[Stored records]
--- --- ---

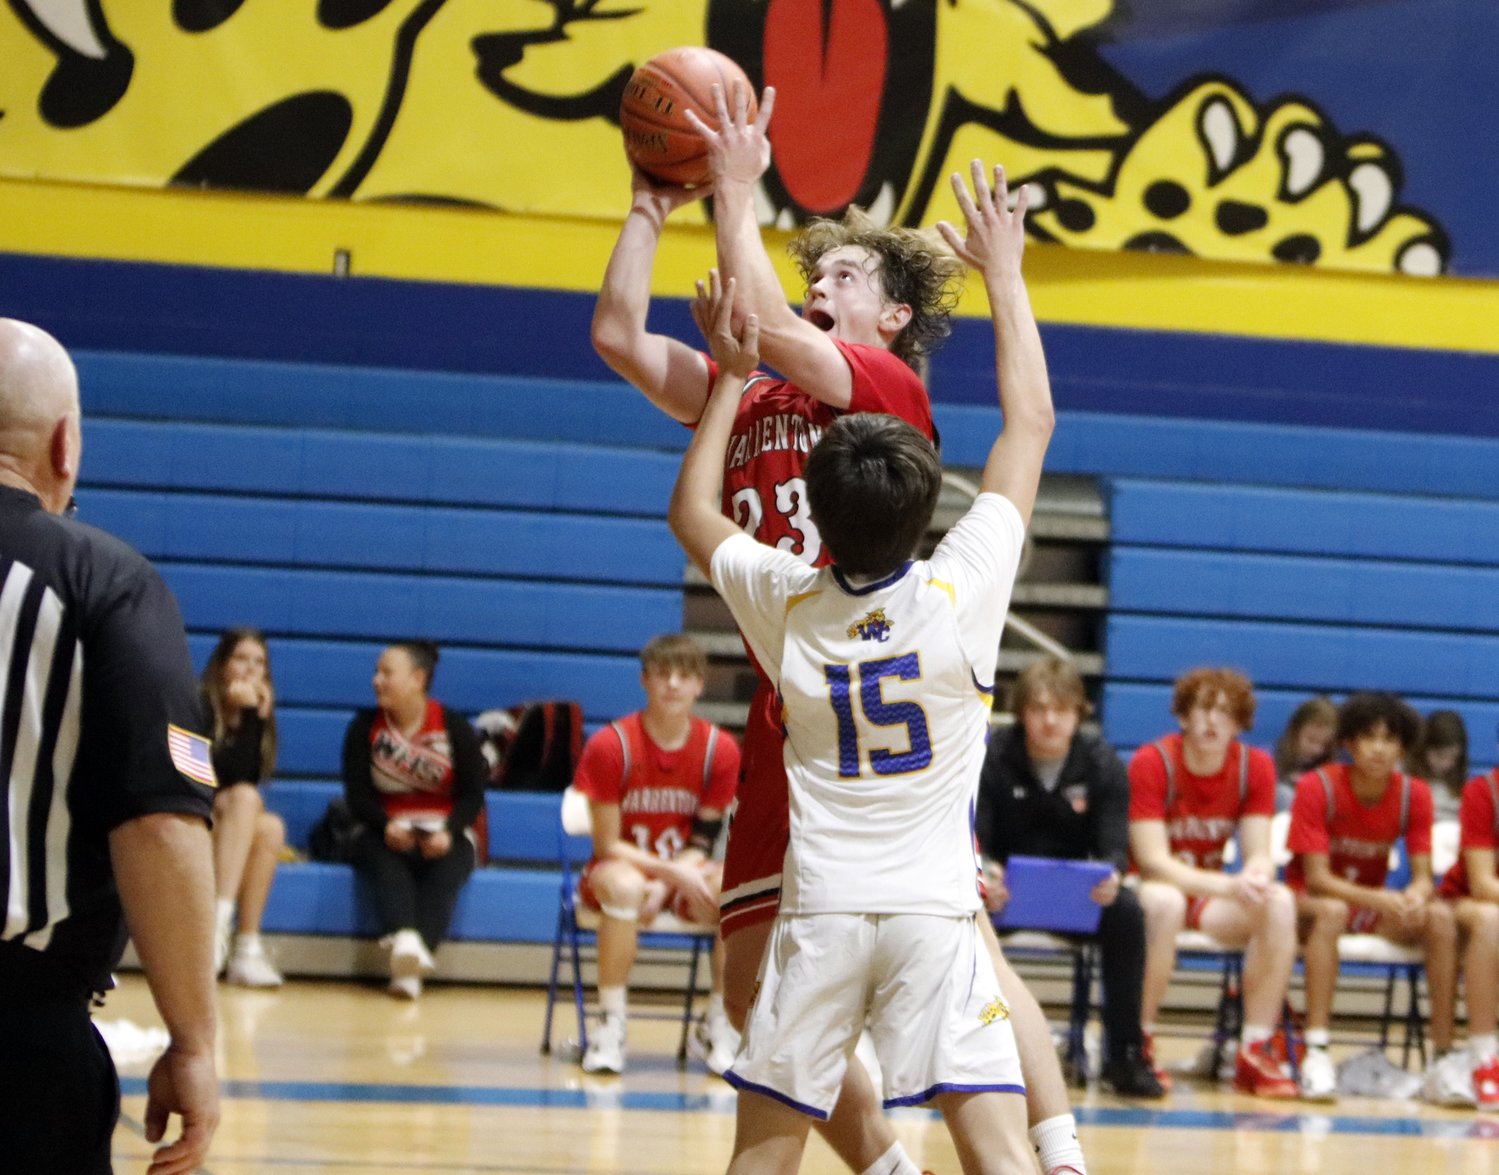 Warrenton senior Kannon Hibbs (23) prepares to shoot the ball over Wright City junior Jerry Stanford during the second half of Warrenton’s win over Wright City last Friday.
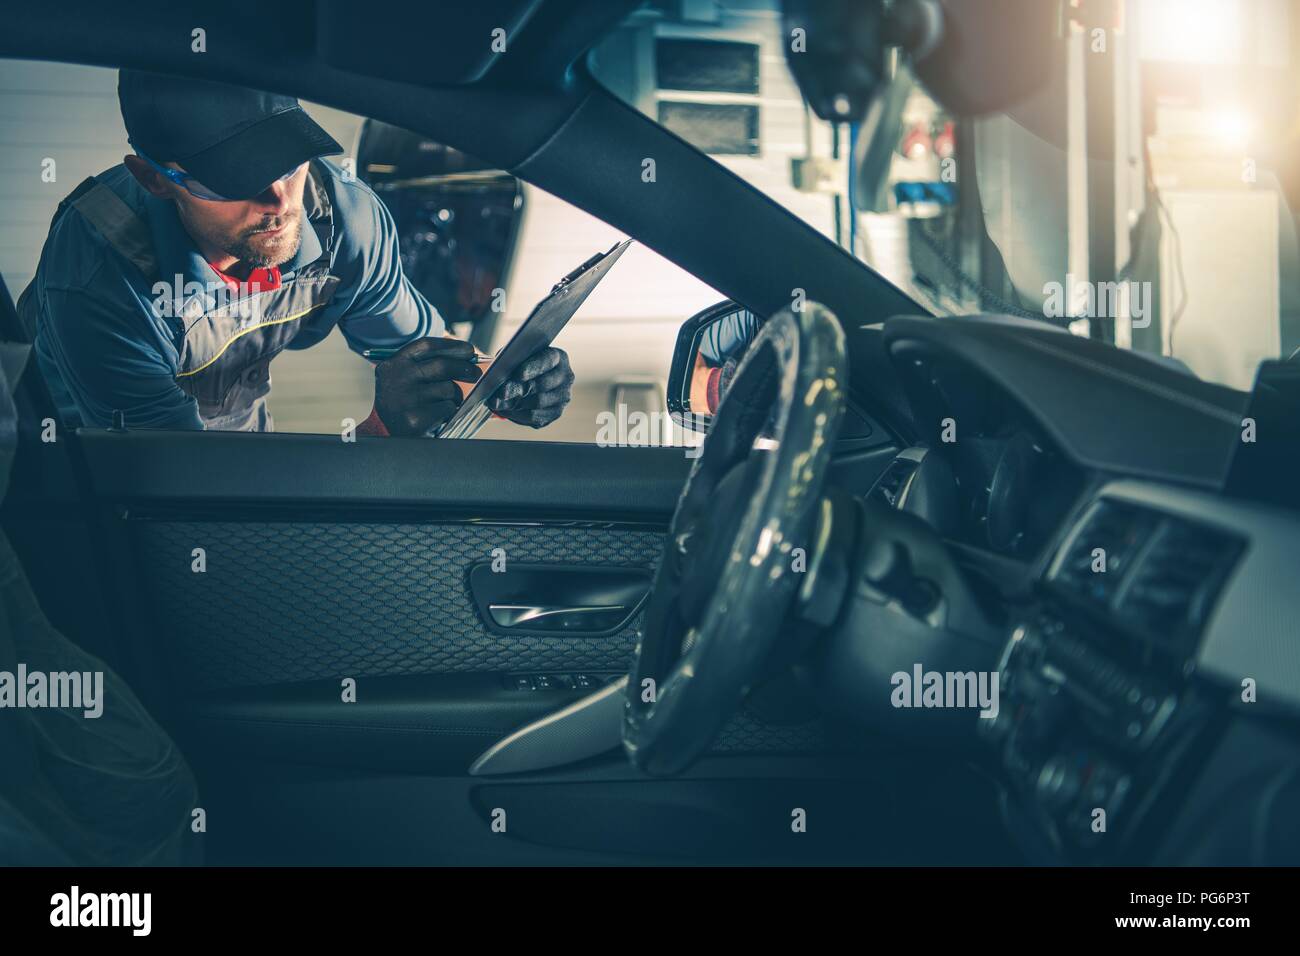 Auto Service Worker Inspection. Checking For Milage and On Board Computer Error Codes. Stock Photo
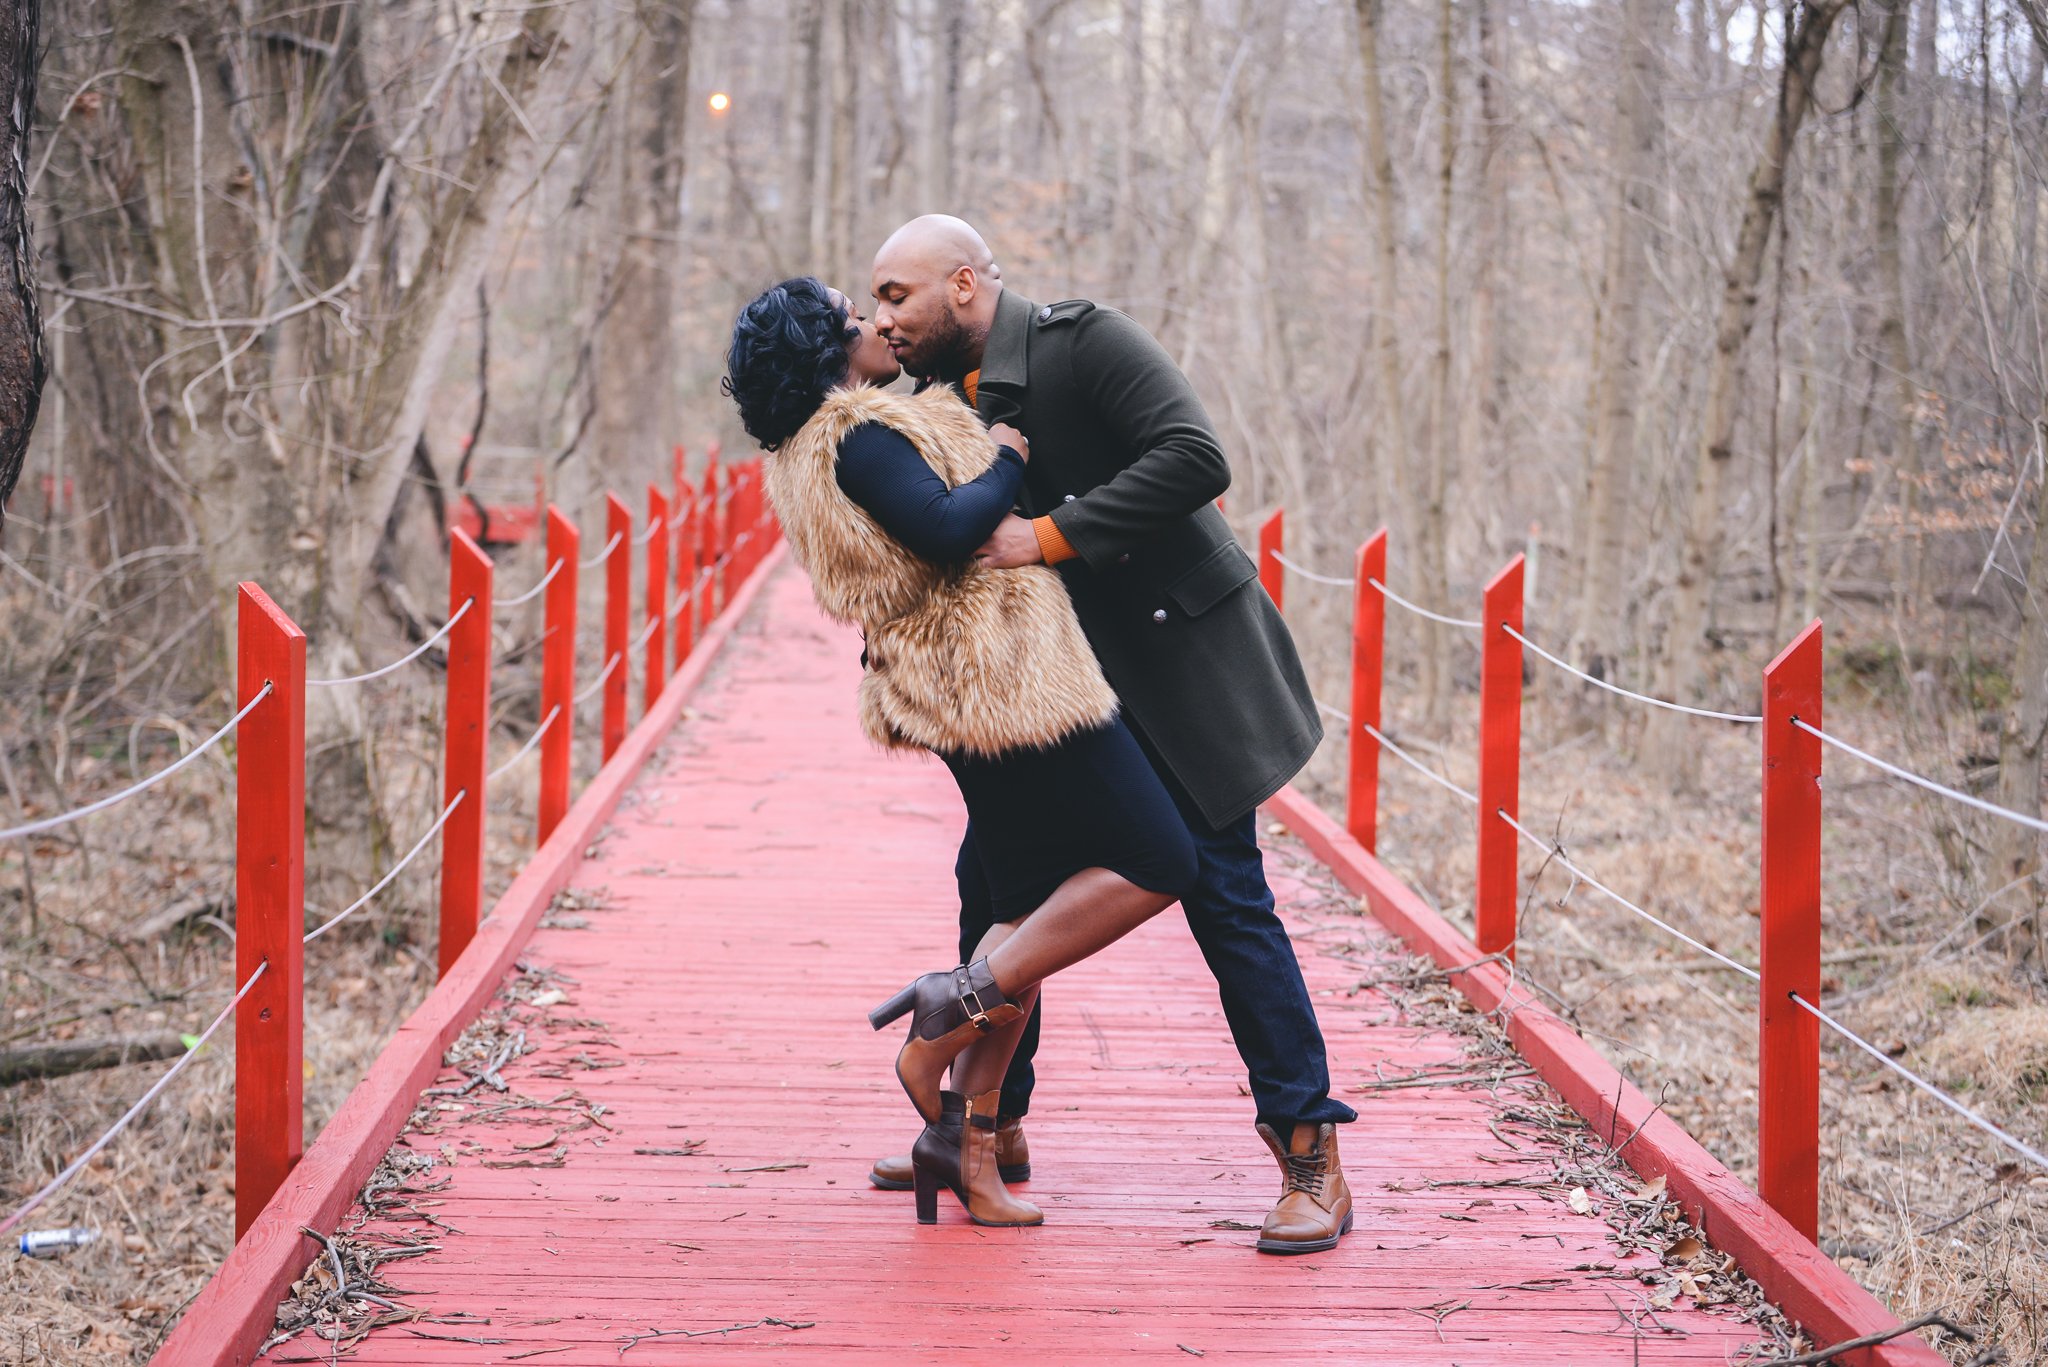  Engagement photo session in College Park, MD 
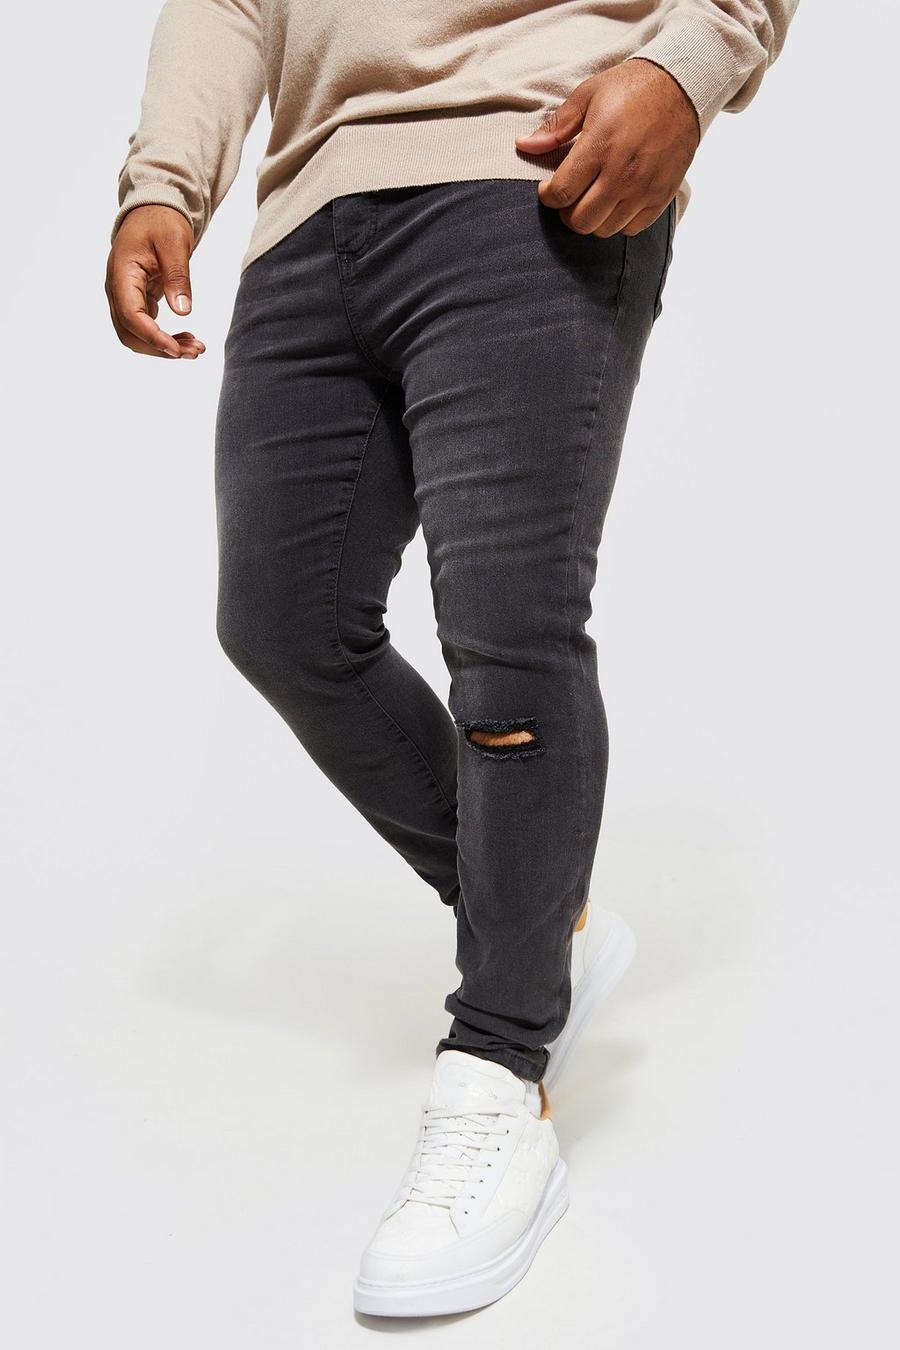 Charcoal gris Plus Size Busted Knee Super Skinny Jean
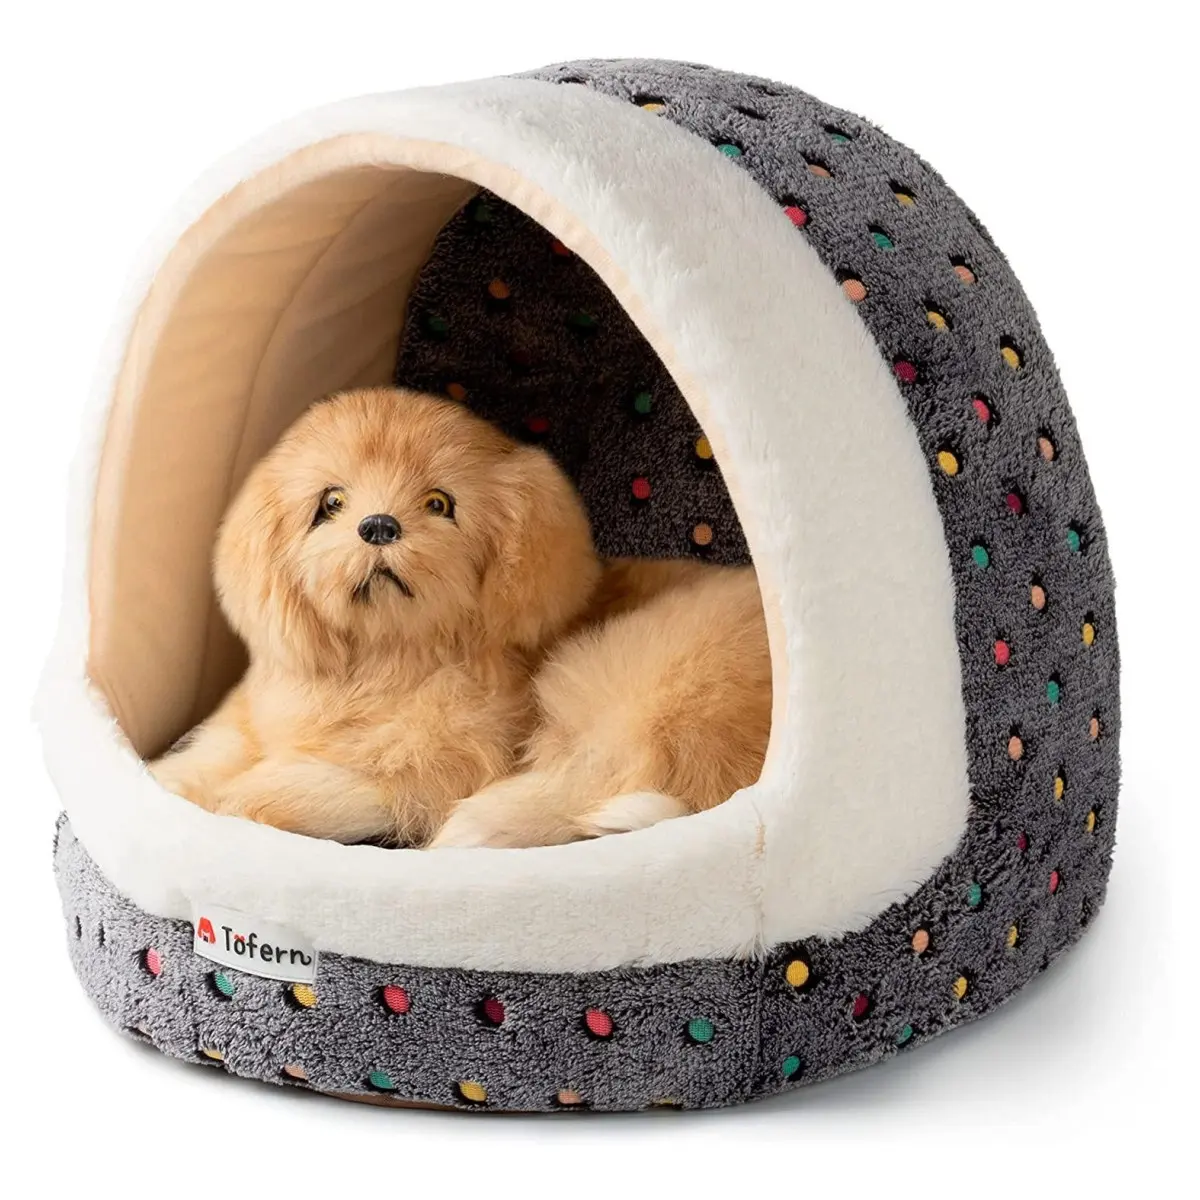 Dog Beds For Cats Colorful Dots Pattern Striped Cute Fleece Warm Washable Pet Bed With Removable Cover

--- --- ---

Assignment –
Above are some records. Output exactly the lines from the one that contains "Auto Service Worker" to the one that contains "Charcoal gris Plus", keeping both, and omit the pictures.

Worked solution –
 Auto Service Worker Inspection. Checking For Milage and On Board Computer Error Codes. Stock Photo
  Engagement photo session in College Park, MD 
 Charcoal gris Plus Size Busted Knee Super Skinny Jean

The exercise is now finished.